Thursday, November 5, 2009

Tracing Some Marriages in Early Brown Families in Union County (part 2 in Series)

Brown families in early Union County grew from two in 1834 to eleven in 1840 to twenty-one in 1850. The population within these Brown households numbered sixteen in 1834, sixty-three in 1840 and eighty-five in 1850. See last week’s column to learn the names of these heads of households and, in 1850, the names of their children still at home.

Brown as a surname is descriptive, denoting color—either of skin, hair, garments or place of residence. It derives from the Middle English, broun, the Old English and Old French, brun, and the old Gaelic word donn meaning brown. Today, Brown as a surname is the fifth most popular in the United States, with the first being Smith, the second Johnson, the third Williams, and the fourth Jones.

In England, Brown is the fifth most popular surname, but the spelling there and in Ireland and Scotland as well is apt to be Browne.

Brown is the second most popular surname among African-Americans in the United States today. This stems from many freed slaves adopting Brown as their surname following the Civil War, rather than keeping the surname of their former masters. Many also adopted the name Brown to honor the famed abolitionist John Brown (1800-1895).

Last week’s column promised a look in this article at Brown marriages in Union County by 1850. The Browns who grew from two households in 1834 to eleven in 1840 to twenty-one in 1850 had a number of children who married citizens of the county, thereby connecting Browns to other early settlers.

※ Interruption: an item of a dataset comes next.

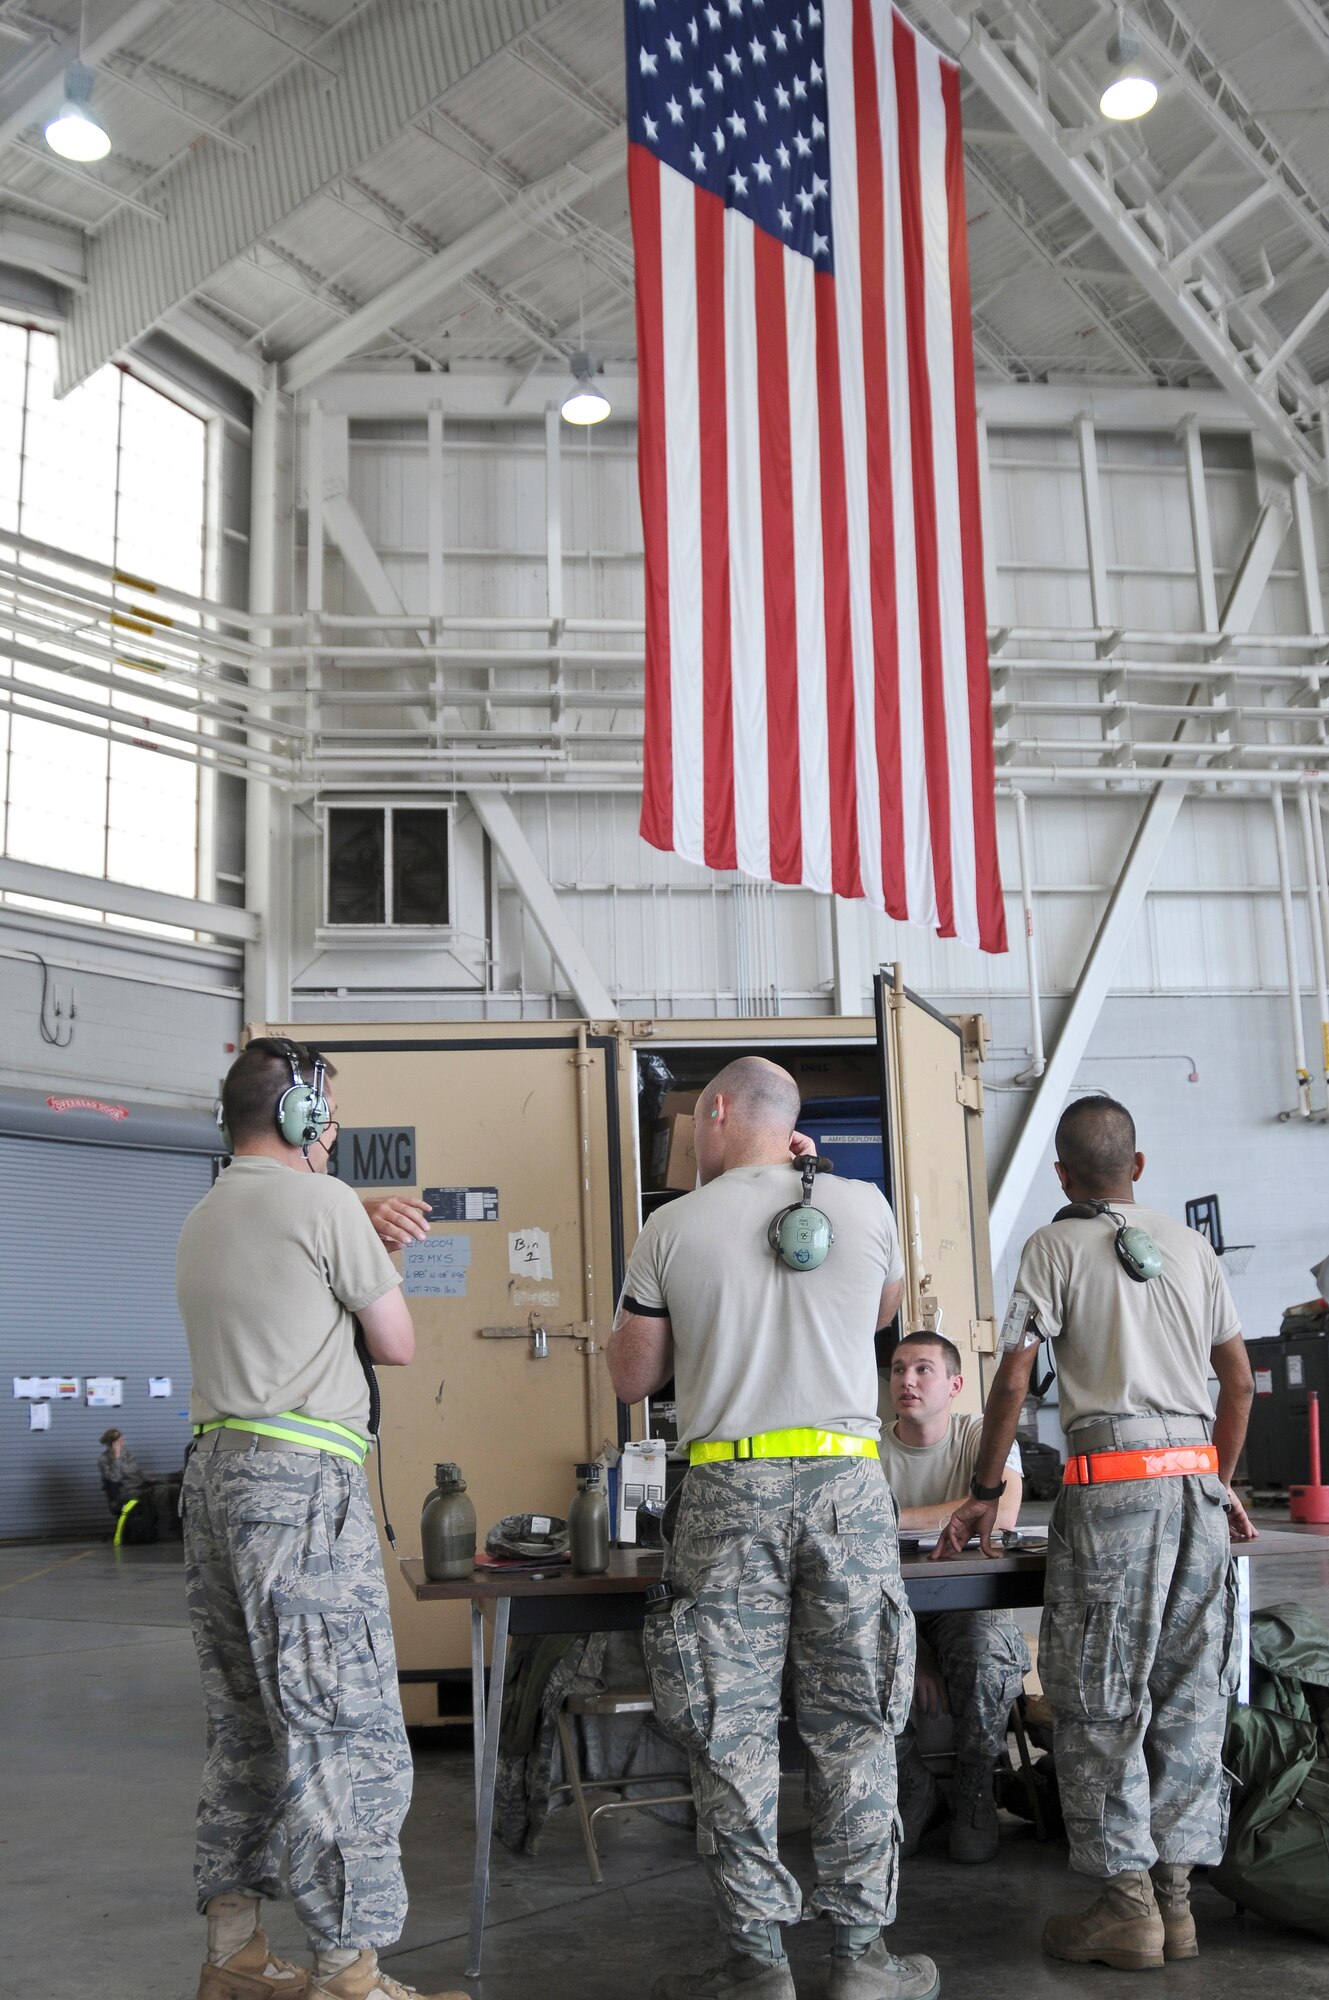 Air cargo specialists from the notional 104th Air Expeditionary Wing discuss their upcoming duties May 19, 2010 while standing in front of a large American Flag inside the Main Hanger at the Gulfport Combat Readiness Training Center in Gulfport, Miss. Airmen from the Kentucky Air National Guard's 123rd Airlift Wing, the active-duty Air Force's 317th Airlift Group at Dyess Air Force Base, Texas, and the Air Force Reserve's 70th Aerial Port Squadron from Homestead Air Reserve Base, Fla., all combined to form the 104th during an Air Mobility Command Operational Readiness Inspection here. (U.S. Air Force photo/Tech. Sgt. Dennis Flora) (Released)

Maybe readers can find within this listing a relative of theirs joined in holy matrimony when the county was young.

The first Brown marriage recorded in Union County occurred on August 22, 1834, performed by Thomas Cearley, Justice of the Peace. It joined William Brown to Elizabeth Ensley.

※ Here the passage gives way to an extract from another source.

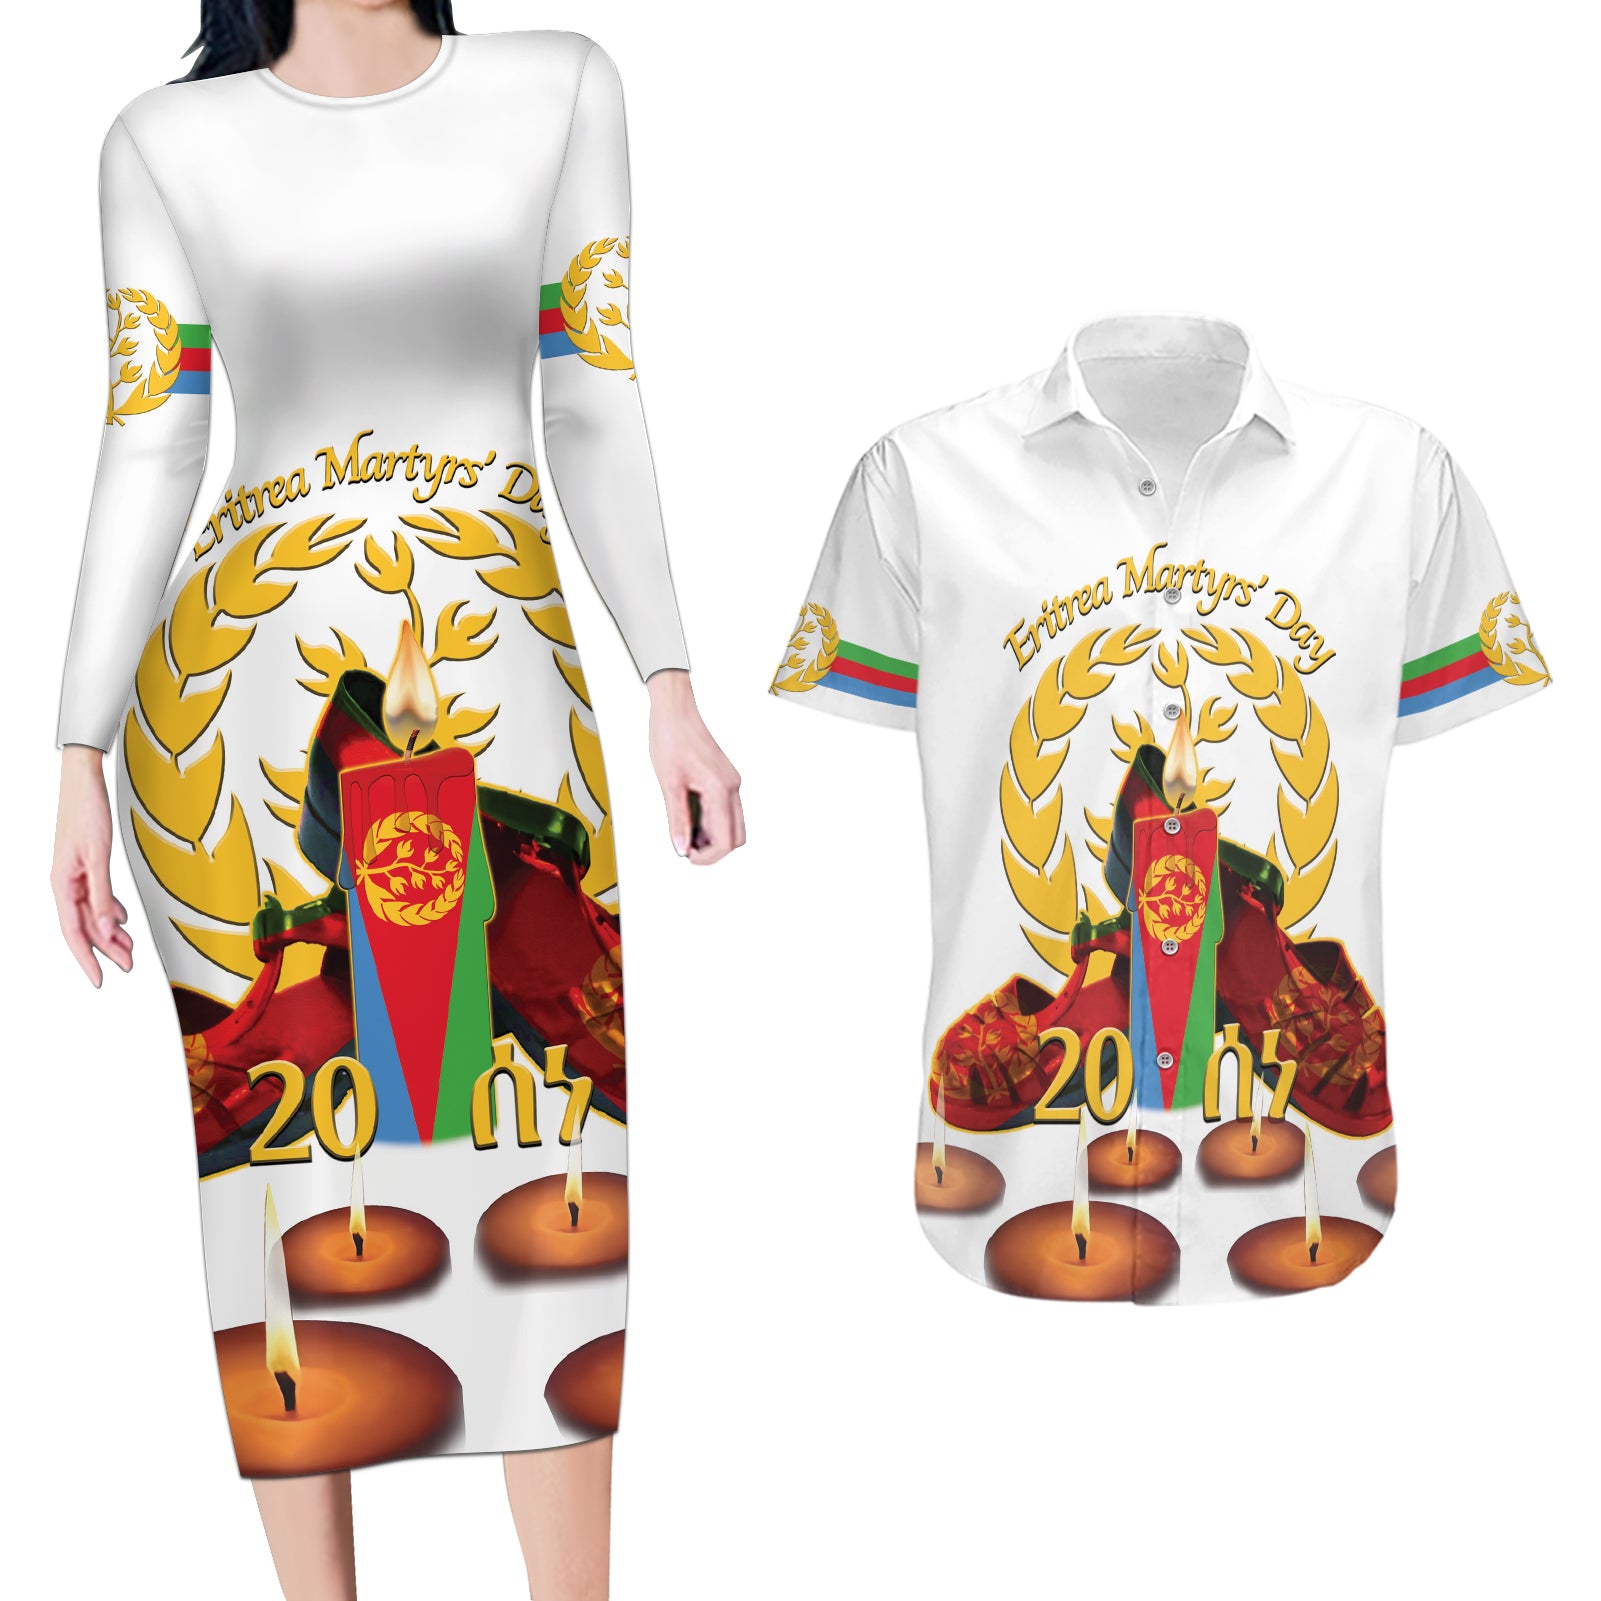 Custom Eritrea Martyrs' Day Couples Matching Long Sleeve Bodycon Dress and Hawaiian Shirt 20 June Shida Shoes With Candles - White

Next came another William Brown who married Elizabeth Penson on August 6, 1837, with William Jones, Justice of the Peace, officiating.

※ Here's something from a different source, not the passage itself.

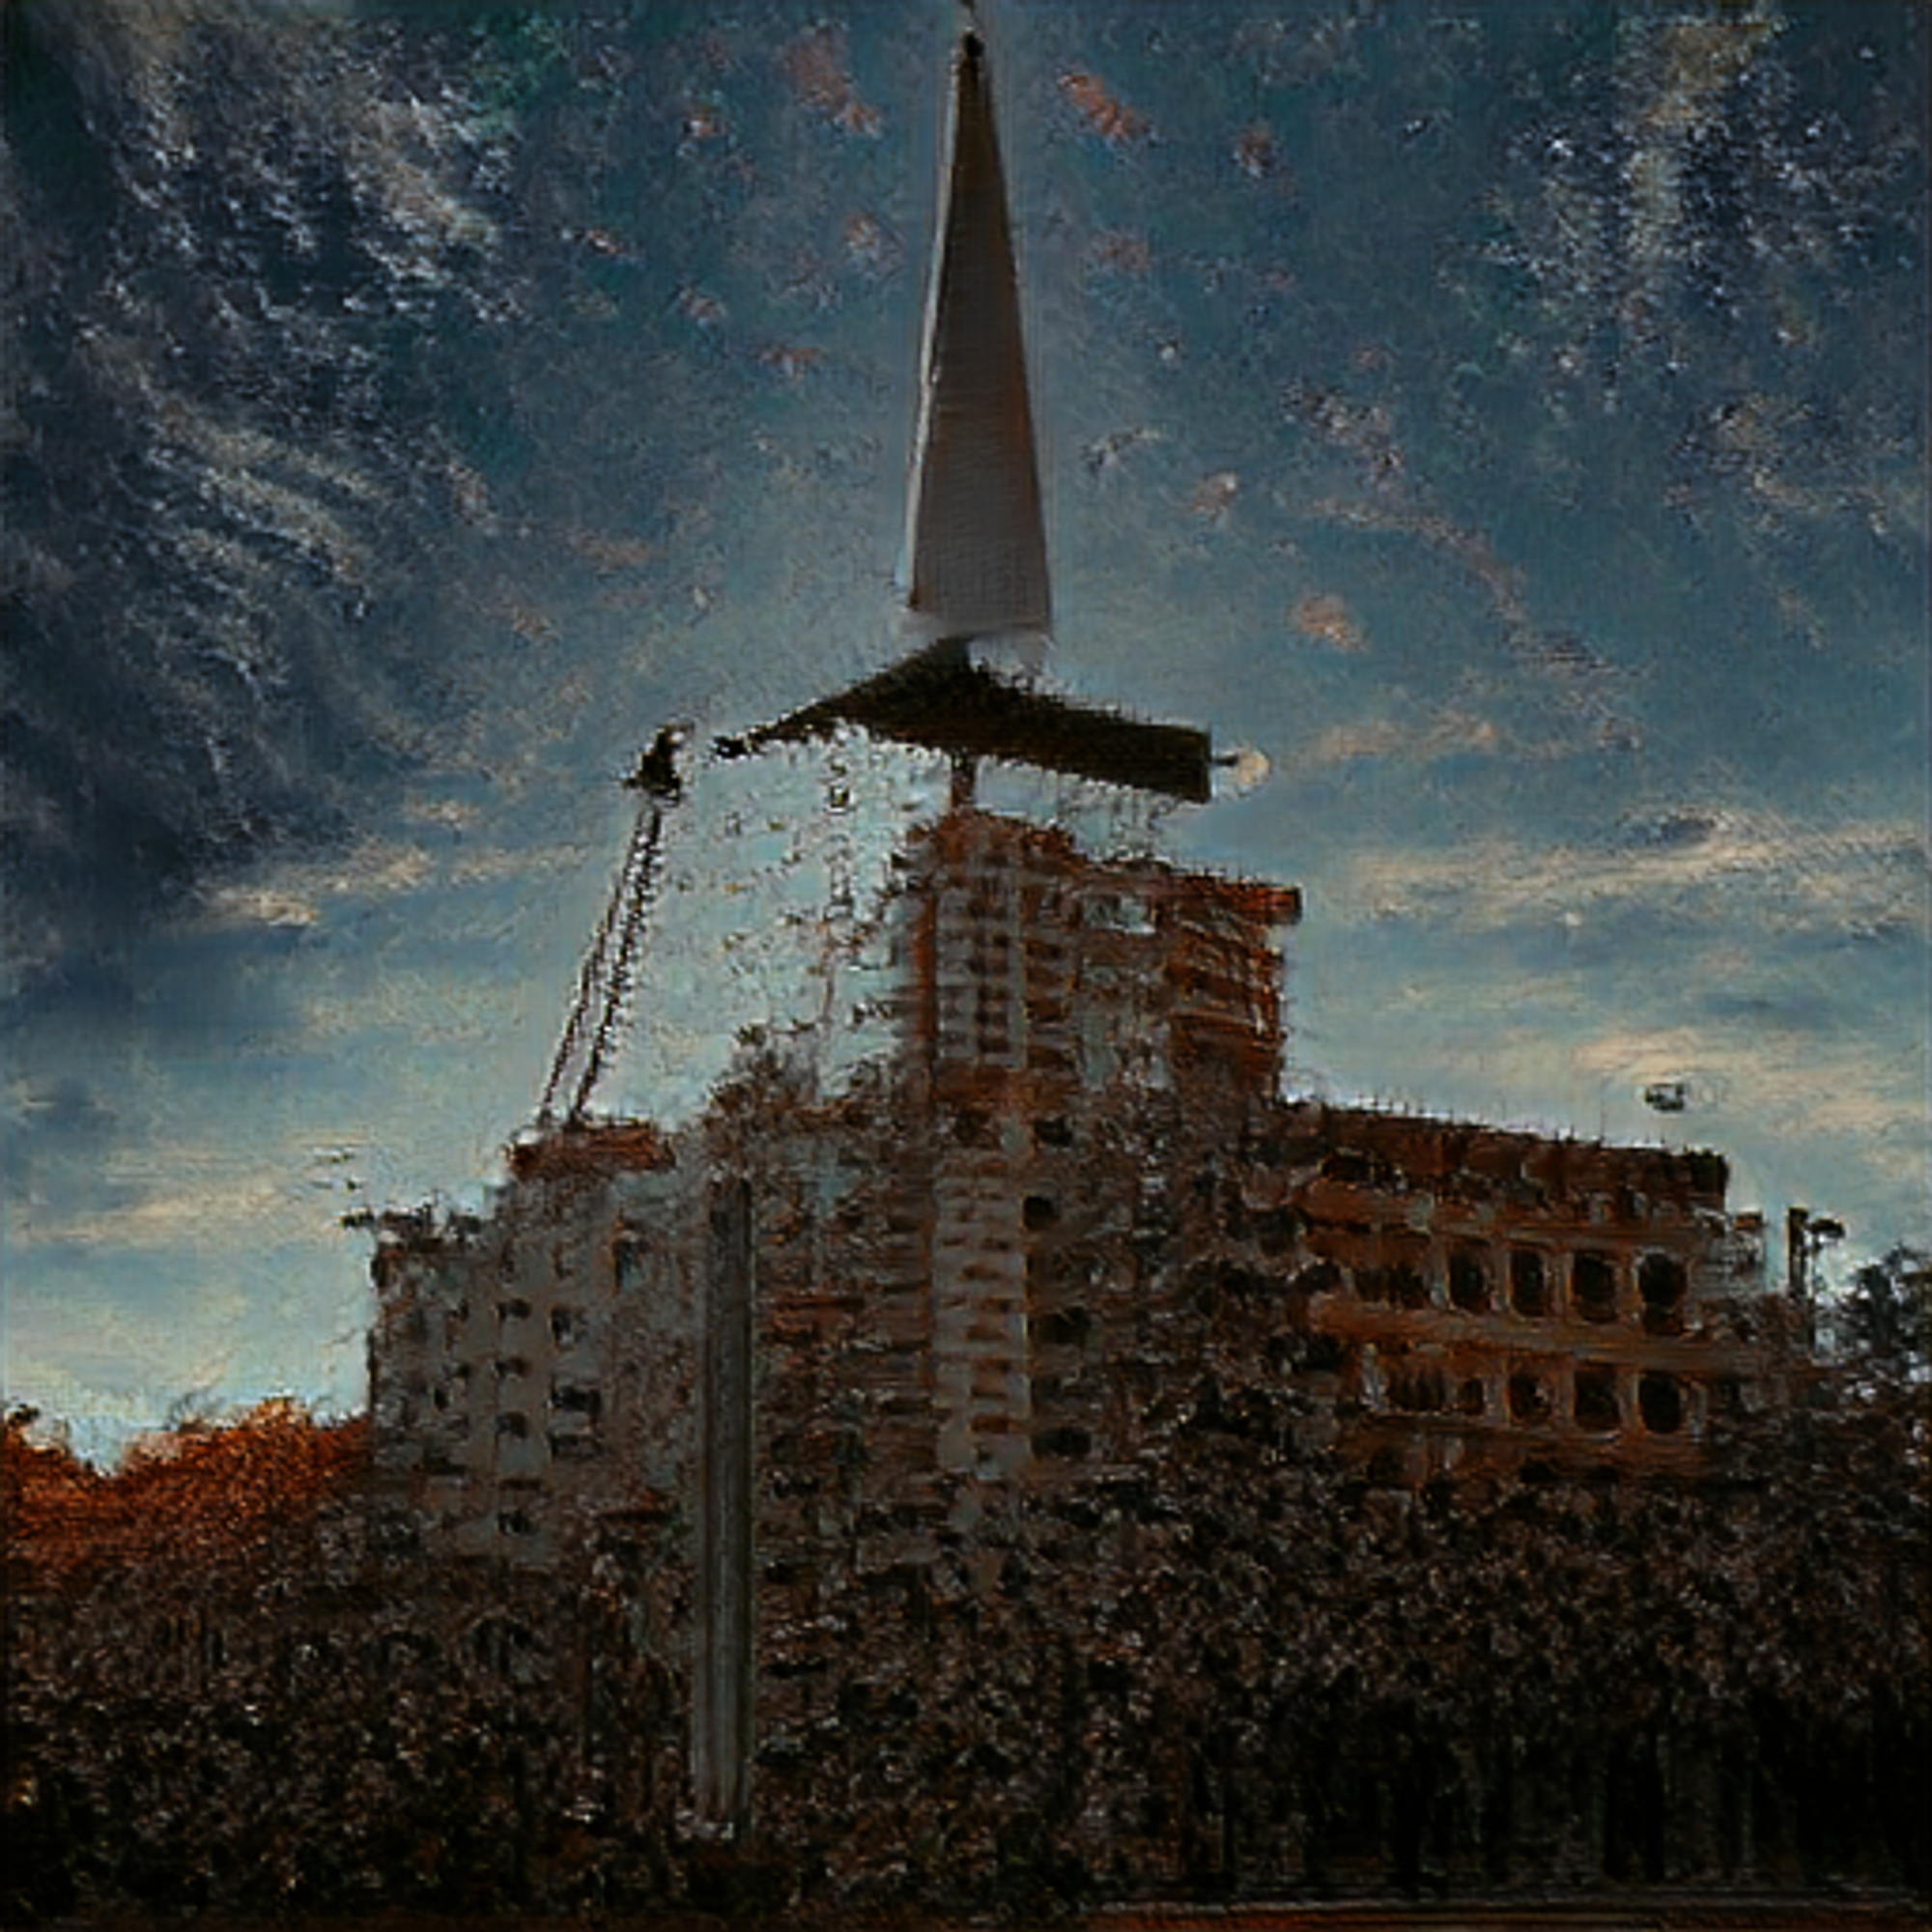 CLIP gives high score to this image and the phrase: "At the end of everything, crumbling buildings and a weapon to pierce the sky"

Three couples went to the altar in 1839. These were Mariah Jane Brown who married H. Burch on March 12, 1839, with R. Byers, Justice of the Peace performing their ceremony. Next came Margaret Brown who married John Webster on May 10, 1839, joined by Justice of the Peace A. Chastain. On July 18, 1839, Milton Brown married Mary Conner with Robert Byers, Justice of the Peace, joining them.

Minervy Brown married Noah Raper on January 24, 1840, with David Thompson, Justice of the Peace, joining the couple.

Charles Brown married Ann Twiggs on April 24, 1842. John Martin, Minister of the Gospel, performed the ceremony.

Three couples were wed in 1843. Clarinda Brown married Alfred Shook on April 8, 1843, with Rev. Abner Chastain as officiant. John Solomon Brown married Sary (Sarah) Twiggs on September 3, 1843, with Lindsey Gaddis, JP, performing the ceremony. Elizabeth Brown married B. D. Beaver on October 5, 1843, with William Poteat, JP, the officiant.

James Brown and Lisa Roper chose May 19, 1844 as their wedding day, with David Thompson, JP, performing their ceremony.

Malinda Brown married John C. Patton on January 4, 1845. The Rev. D. D. Roach performed their ceremony.

Two Brown marriages occurred in 1846. Martha Brown and Joseph Stevens chose Valentine’s Day, February 14 as their wedding day, with the Rev. John Corn officiating. Emily Brown and James Cathey were married May 25 with the Rev. John Corn also marrying this couple.

Peggie Brown married Henry A. Lyons on September 17, 1847 with the Rev. John Corn as officiant.

April 2, 1848 was the date chosen by Rebecca Jane Brown and John Daniel for their wedding day. They secured Charles Crumley, Justice of the Peace, for their ceremony.

Three Brown marriages were recorded in 1849. On January 13 Mary A. Brown married John Thomas with H. J. Sparks, JP, officiating. On April 4, Sabry Adaline Brown married Hugh Seay with the Rev. Elisha Hunt officiating. On July 22, Robert Brown and Elizabeth Ann Carter were married by the Rev. Elisha Hunt.

Before 1850, nineteen young Browns were joined in holy matrimony in Union County. Space precludes my listing the 40 other Brown marriages that occurred between 1850 and 1897. My resource for this information came from the book, Union County Marriage Records, 1833-1897 (c1992) compiled and published by Viola H. Jones, extracted from Union County marriage records at the Georgia State Archives.